J’ai vu le film en avant-première la semaine dernière, dans le cadre du Festival du Cinéma américain des Champs Elysées, et mon avis est très enthousiaste !
Nous n’avons pas eu droit à une adaptation cinématographique d’un roman de Jane Austen depuis une décennie et c’est avec beaucoup de plaisir que j’ai découvert cette transposition à l’écran de Lady Susan, une œuvre méconnue mais oh combien intéressante.
Dès la première seconde, le spectateur comprend que le film se situera bien davantage dans une veine ironique et satirique que romantique. C’est un choix qui sera assumé et revendiqué par le réalisateur du début à la fin et qui déconcertera peut-être les spectateurs qui avaient jusqu’ici une autre image de l’œuvre de Jane Austen.
Whit Stillman a décidé de livrer une adaptation irrévérencieuse et presque féroce de la nouvelle épistolaire de Jane Austen et c’est tant mieux. Il s’en donne à cœur joie et ça se ressent dans tous les aspects de son film. Je crois que je n’ai jamais autant ri devant une adaptation d’une œuvre de Jane Austen, les rires fusaient dans toute la salle, ce qui était assez enthousiasmant.
Love & Friendship est un film impertinent, plein de verve et d’allant, et à l’image parfaite de son (anti-)héroïne, la séduisante et perfide Lady Susan Vernon.
Lady Susan est incarnée par une Kate Beckinsale au meilleur de sa forme et tellement à l’aise dans ce rôle qu’il semble avoir été écrit sur mesure pour elle. C’est un réel plaisir de retrouver cette actrice dans une production de qualité et surtout dans un rôle qui lui permet d’exprimer son talent. Elle sait exactement comment poser sa voix et fait preuve de beaucoup de distinction et d’élégance dans sa manière de se mouvoir. Il y a quelque chose de moderne dans son interprétation et en même temps elle est très crédible en lady du XIXème siècle. L’actrice Kate Beckinsale semble beaucoup s’être amusée à jouer une partition aussi délicate, son jeu est plein de mordant et de finesse.
Tout le casting est formidable.

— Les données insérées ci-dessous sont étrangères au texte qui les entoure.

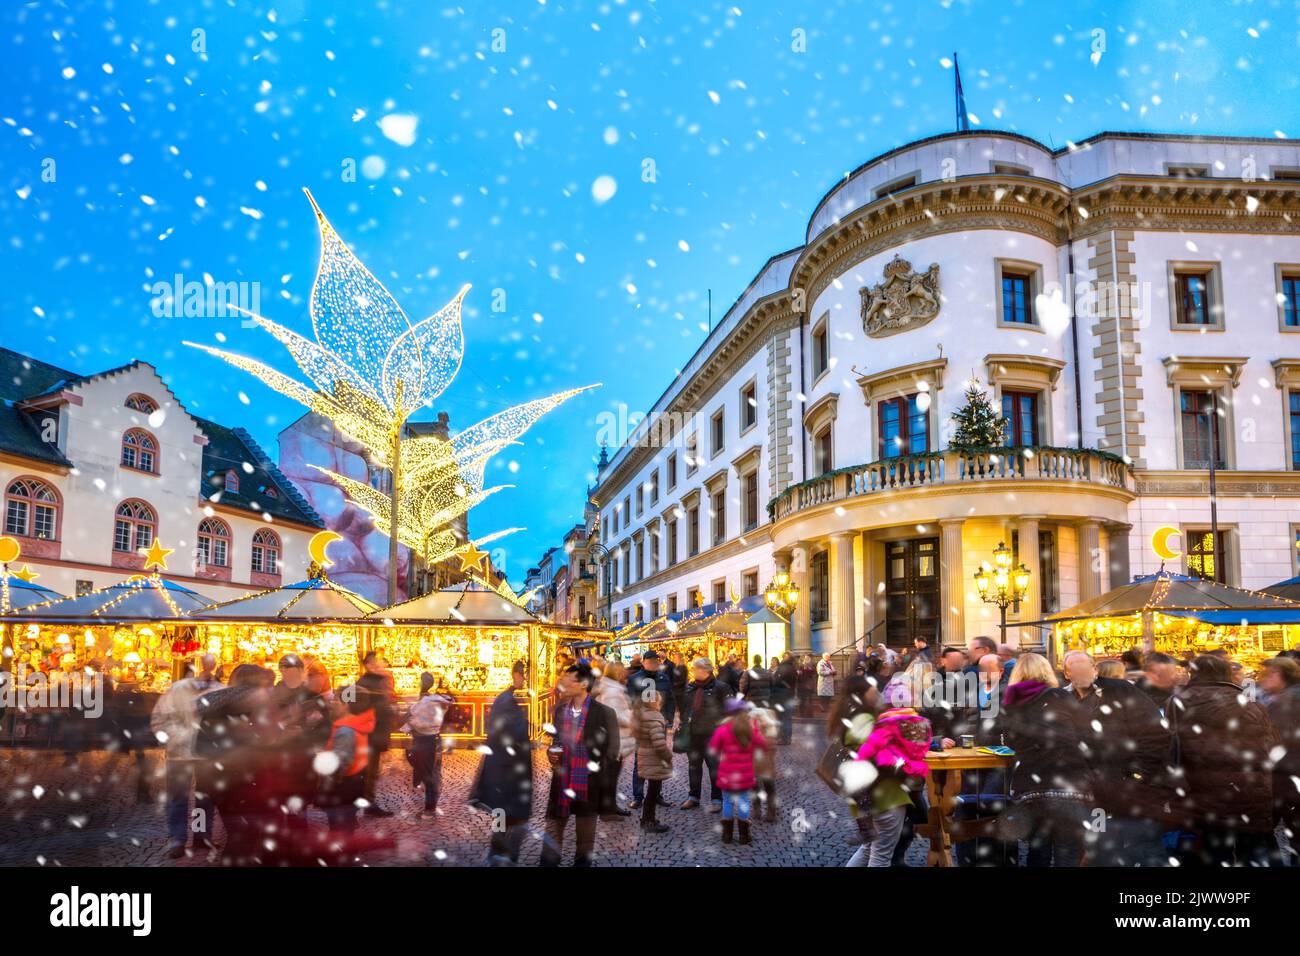 Christmas Market, Wiesbaden, Germany Stock Photo Alamy

Chloe Sevigny incarne une Mrs Johnson, amie et complice des vices de Lady Susan, avec beaucoup d’aplomb. Quelle bonne idée d’avoir fait d’elle une américaine ! Les blagues que Lady Susan fait sur l’Amérique sont assez impitoyables.
Xavier Samuel est également très bon en jeune premier, un rôle difficile car même s’il est séduisant il devient pathétique car tourné en ridicule par les constantes manipulations de Lady Susan qui n’a de cesse de flatter son égo.
Stephen Fry est excellent dans les rares scènes où il apparaît mais la palme du rôle comique revient sans le moindre doute à Tom Bennett. L’acteur se révèle être l’incarnation parfaite de la bouffonerie et de la crétinerie si souvent moquée par Jane Austen. A chacune de ses apparitions (fort remarquées), on assiste à un festival de bêtise. Ce n’est pas tant ce qu’il dit qui est drôle que la manière dont il le dit. Cet acteur a un vrai talent de comédien et mérite tous les éloges qu’il a reçus de la presse américaine et britannique. Son personnage aurait, à mon avis, ravi Jane Austen !
Sir James apparaît bien dans la nouvelle (son rôle est même majeur dans le déroulement de l’intrigue) mais son rôle a été largement développé dans le film. Whit Stillman a très bien saisi son potentiel comique et a modelé un personnage absolument réjouissant.
Les acteurs secondaires ne sont pas en reste et parviennent tous à trouver leur place dans un récit qui abonde pourtant de personnages.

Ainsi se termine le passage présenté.